=== Section Start ===

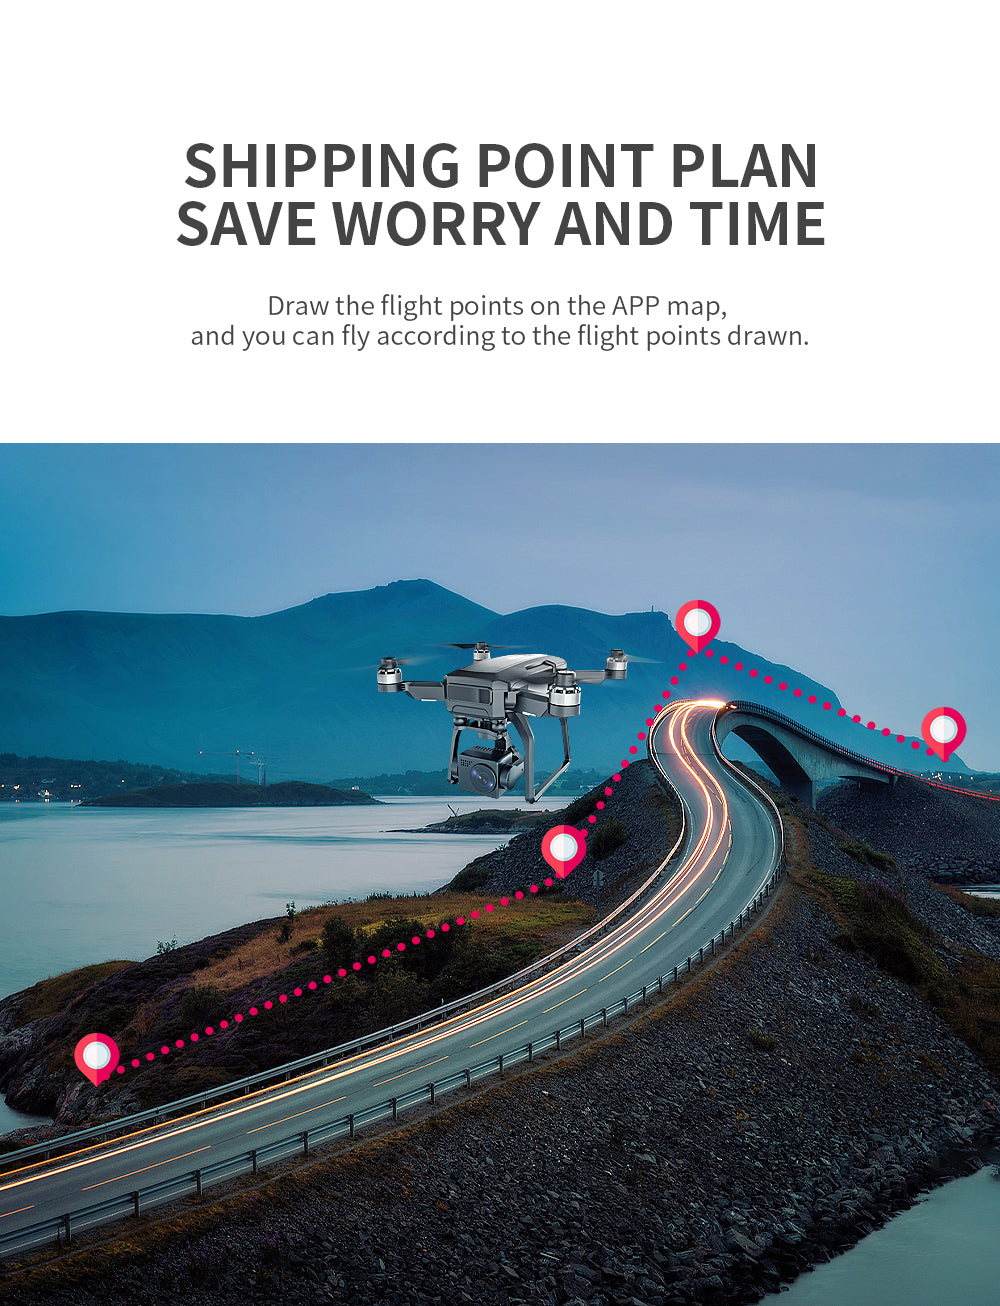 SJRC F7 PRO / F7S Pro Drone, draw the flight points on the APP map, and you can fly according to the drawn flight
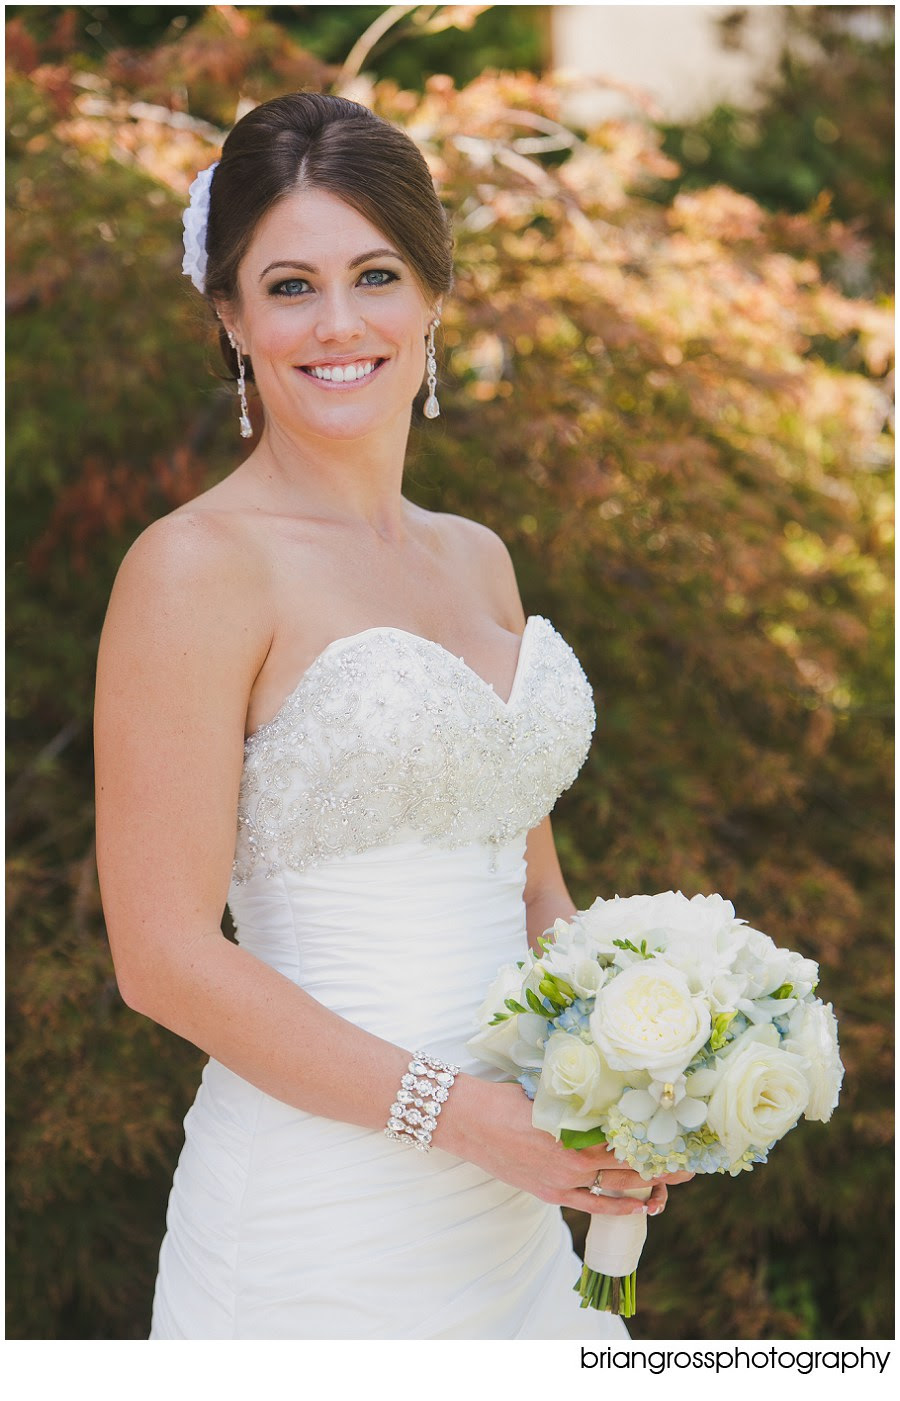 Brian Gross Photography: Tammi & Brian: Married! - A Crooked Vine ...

=== Section End ===
=== Section Start ===

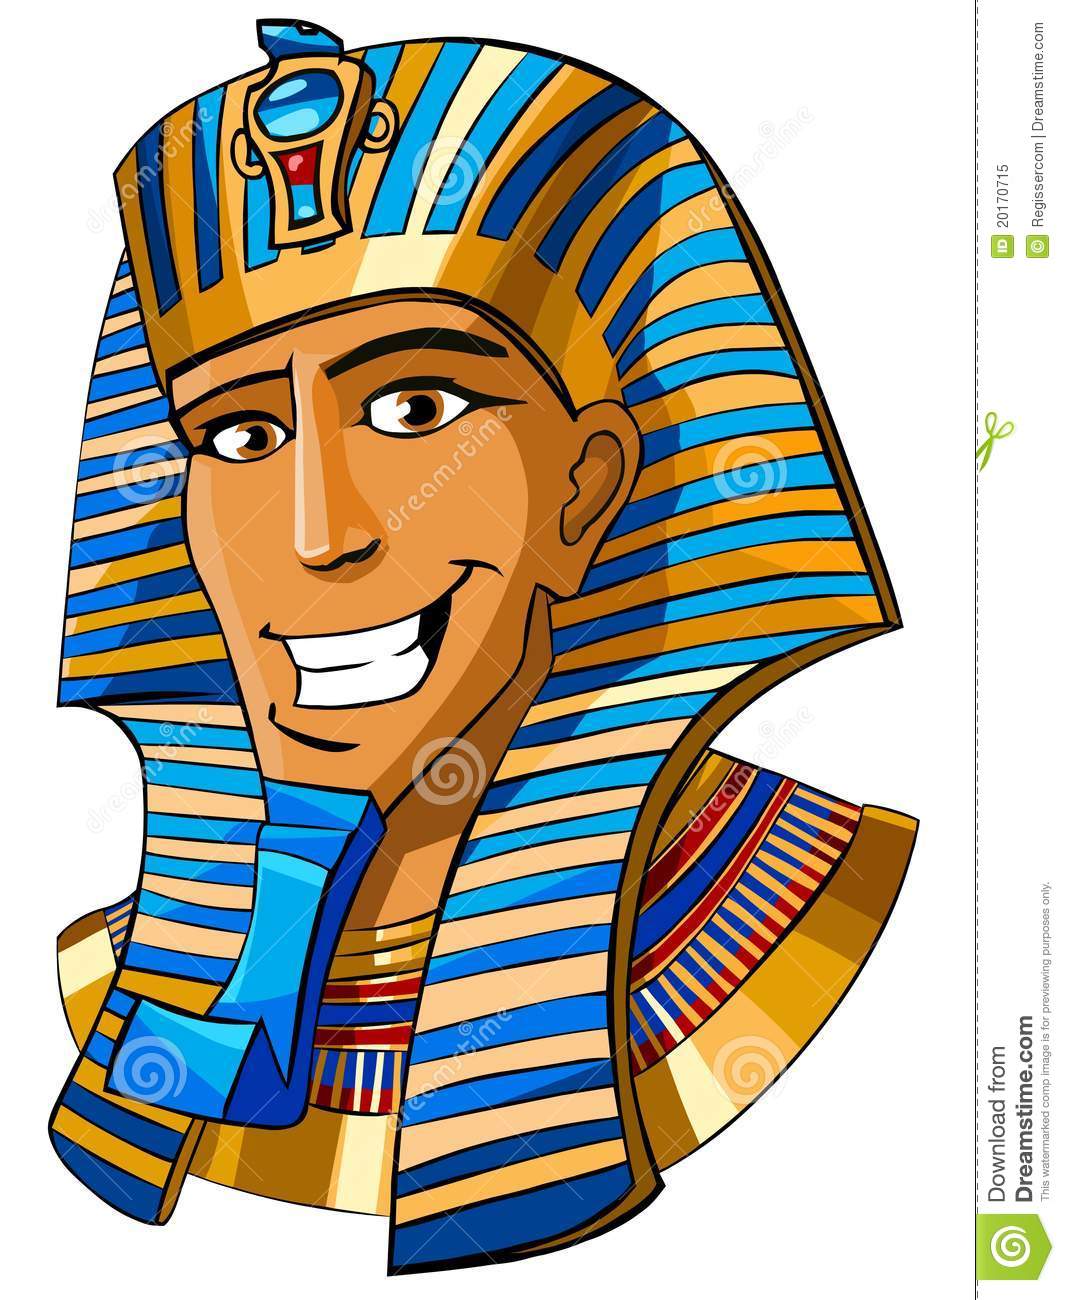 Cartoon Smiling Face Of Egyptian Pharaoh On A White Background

=== Section End ===
=== Section Start ===

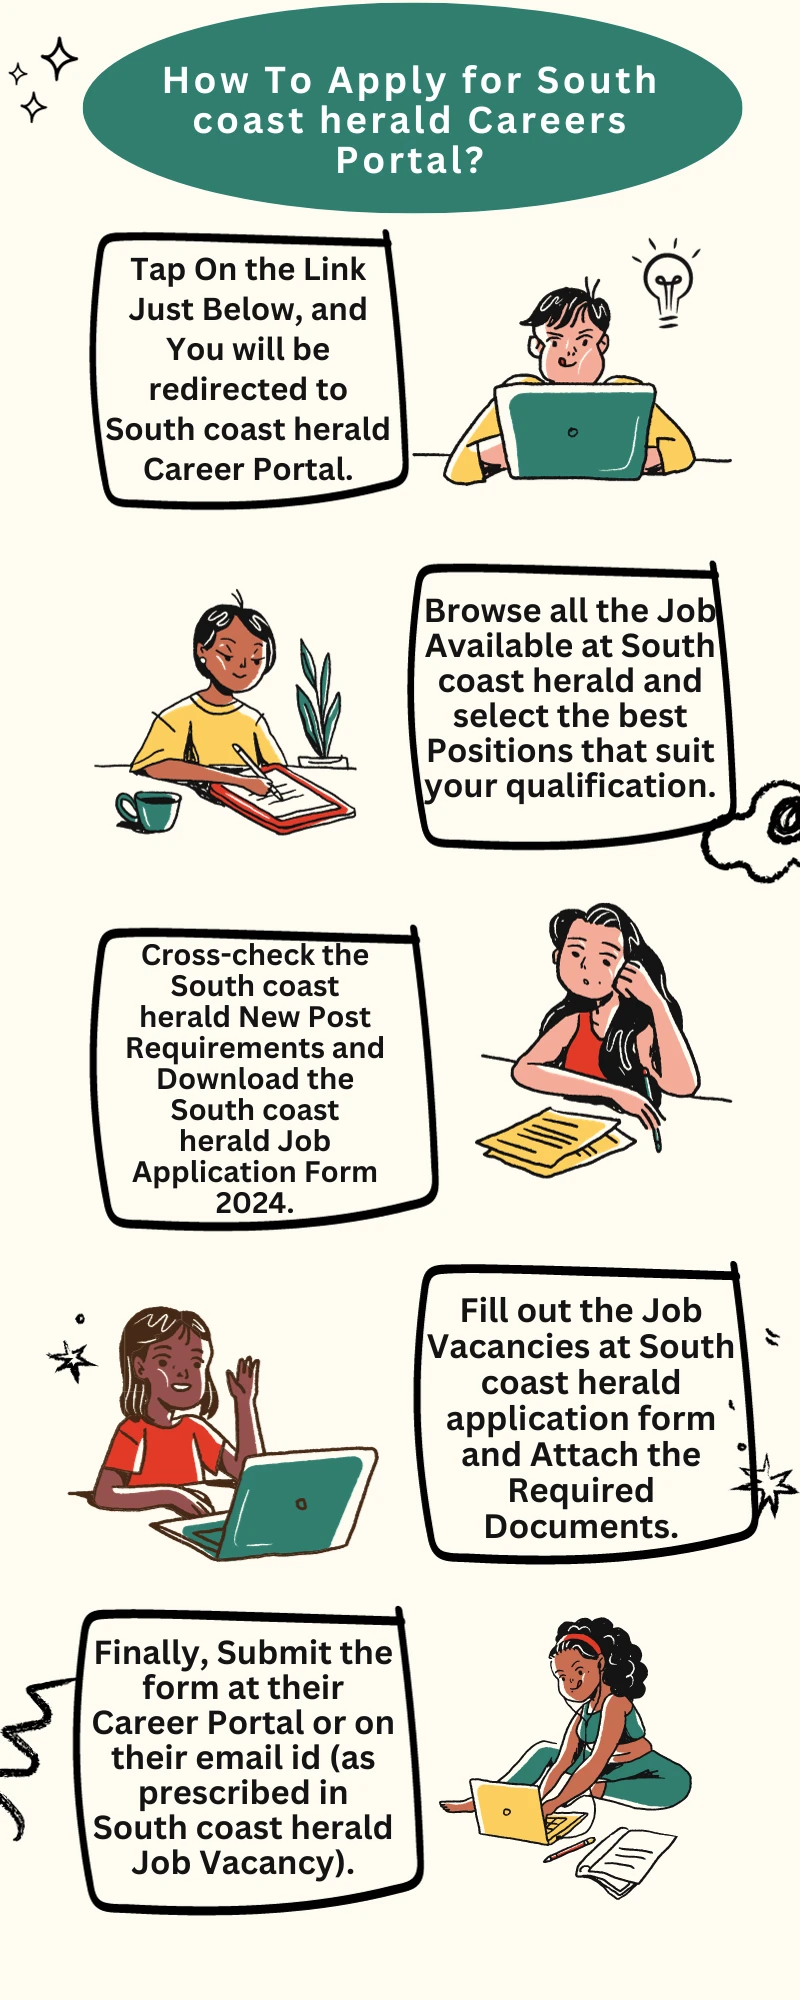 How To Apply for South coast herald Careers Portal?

=== Section End ===

▸ Problem details: Within the listing above, the lines from the one with "SJRC F7 PRO" through the one with "Brian Gross Photography: Tammi" are to be given again word for word. Do not include pictures.

▸ Exercise response:
 SJRC F7 PRO / F7S Pro Drone, draw the flight points on the APP map, and you can fly according to the drawn flight
 Brian Gross Photography: Tammi & Brian: Married! - A Crooked Vine ...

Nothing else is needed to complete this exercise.